Some women were beginning to wail again, and throw themselves noisily to the ground.  I simply was not interested in this, and I was not buying it.  The women who were wailing were in the back of the crowd, for one thing, not in the front, where most intimate friends and family were standing.    I decided that I preferred the American way of mourning.  It seems more quiet and dignified.  From what I have seen, at least.  I am not very well-versed in the ways of death and mourning, in any culture. 

Finally, after two hours at the grave site (two hours!  I had now memorized the pattern of freckles on both arms), the crowd began to move.  For the first time all day, someone spoke to me.

“Vamos embora,” she said.  “We go away.”

The women exited first, pouring around the graves and funneling out the brick-and-barbed-wire entrance to the little cemetery.  For the second time, I was struck by the presence of the encroaching trees and vegetation.  We were standing in neither forested land nor actual grassland, but in sparse, scrubby vegetation that seemed to be rolling over the graveyard like an army or wave.  It would only be a few days before grass was growing on the newest mound of dirt. 

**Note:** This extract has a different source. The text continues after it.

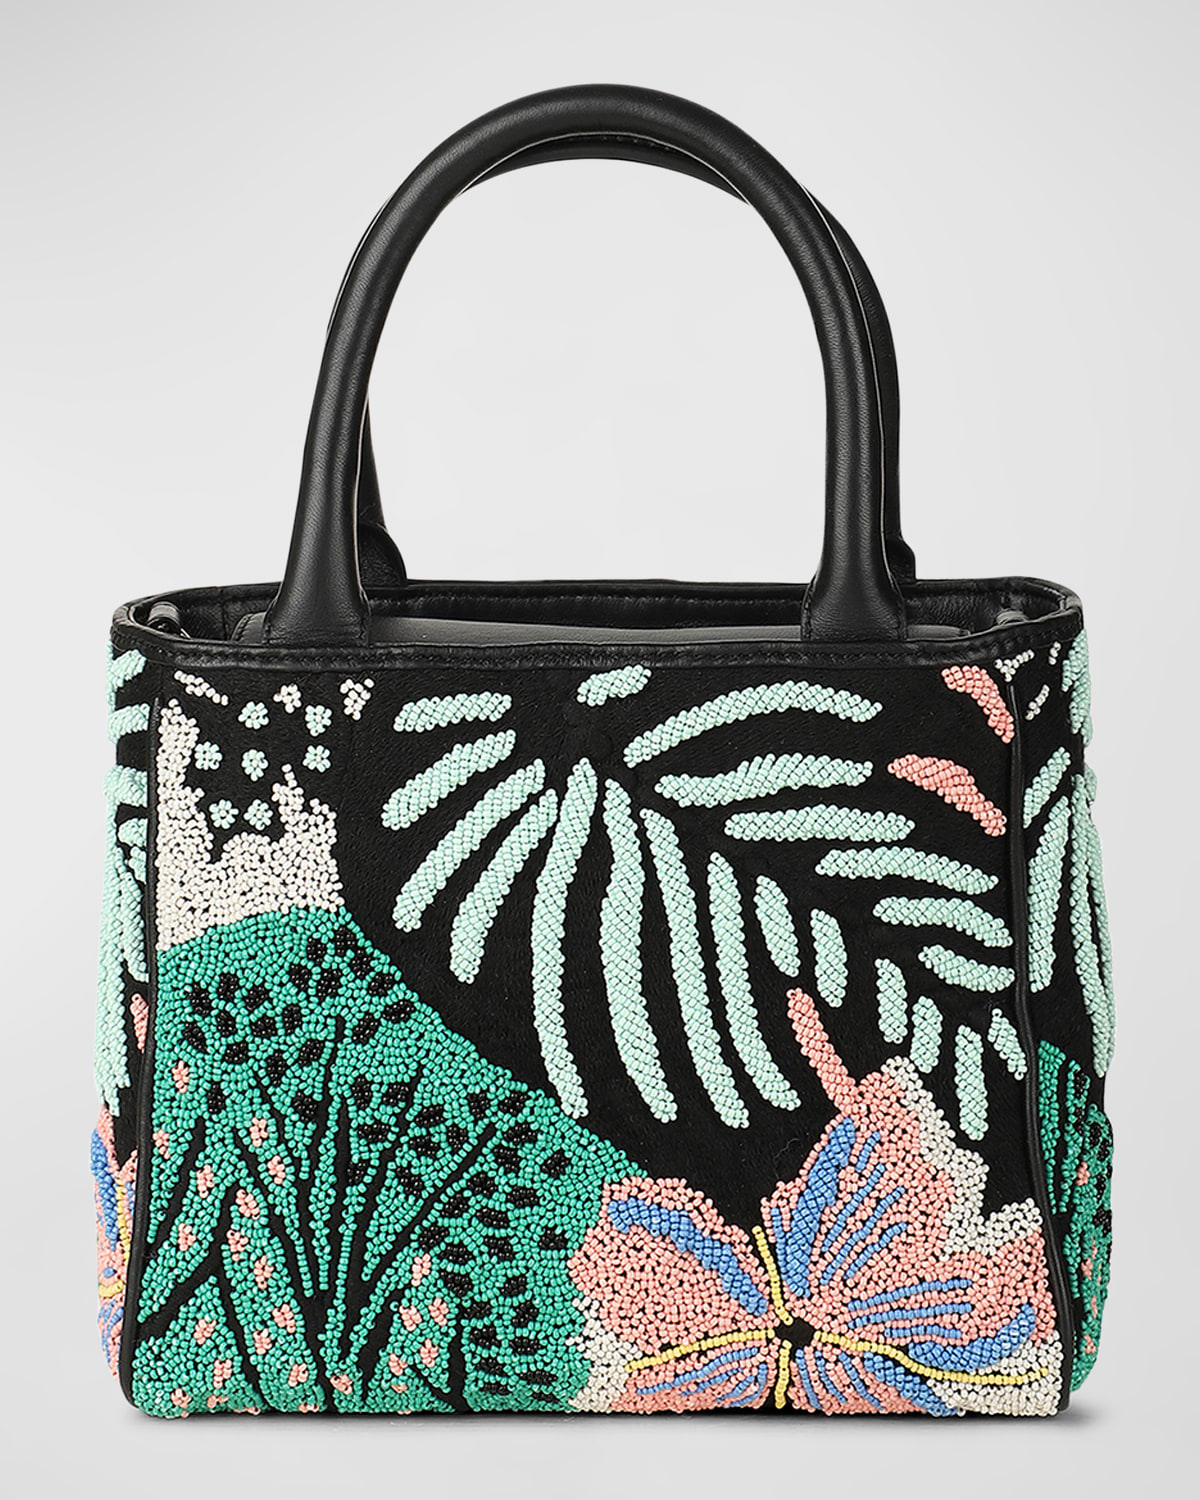 Tasha Small Floral Beaded Tote Bag

I waited for Dan at the edge of the graveyard.  Hundreds of people passed, if not thousands.  Nobody greeted me (perhaps it was not appropriate at that time), but, to their credit, only one person muttered, “A’zungu.”  White person. 

Sometimes, I am tempted to correct people in their own language.  “A’zungu is plural,” I want to say.  “Can’t you see that I am only one?  You should say M’zungu, it is more appropriate.”

I didn’t say anything, though.  I just stared straight ahead, waiting for Dan.  Once reunited, he squeezed his hand in mine.  It was a long, quiet walk back to town. 

Unfortunately, and here is the worst part--  I don’t think that was our last Mozambican funeral. 

1 comment:

  1. Thank you for sharing that experience. Marcos was a kind man and a constant source of smiles and laughter. Also, don't worry about Chewas addressing you in plural, its their way of showing respect.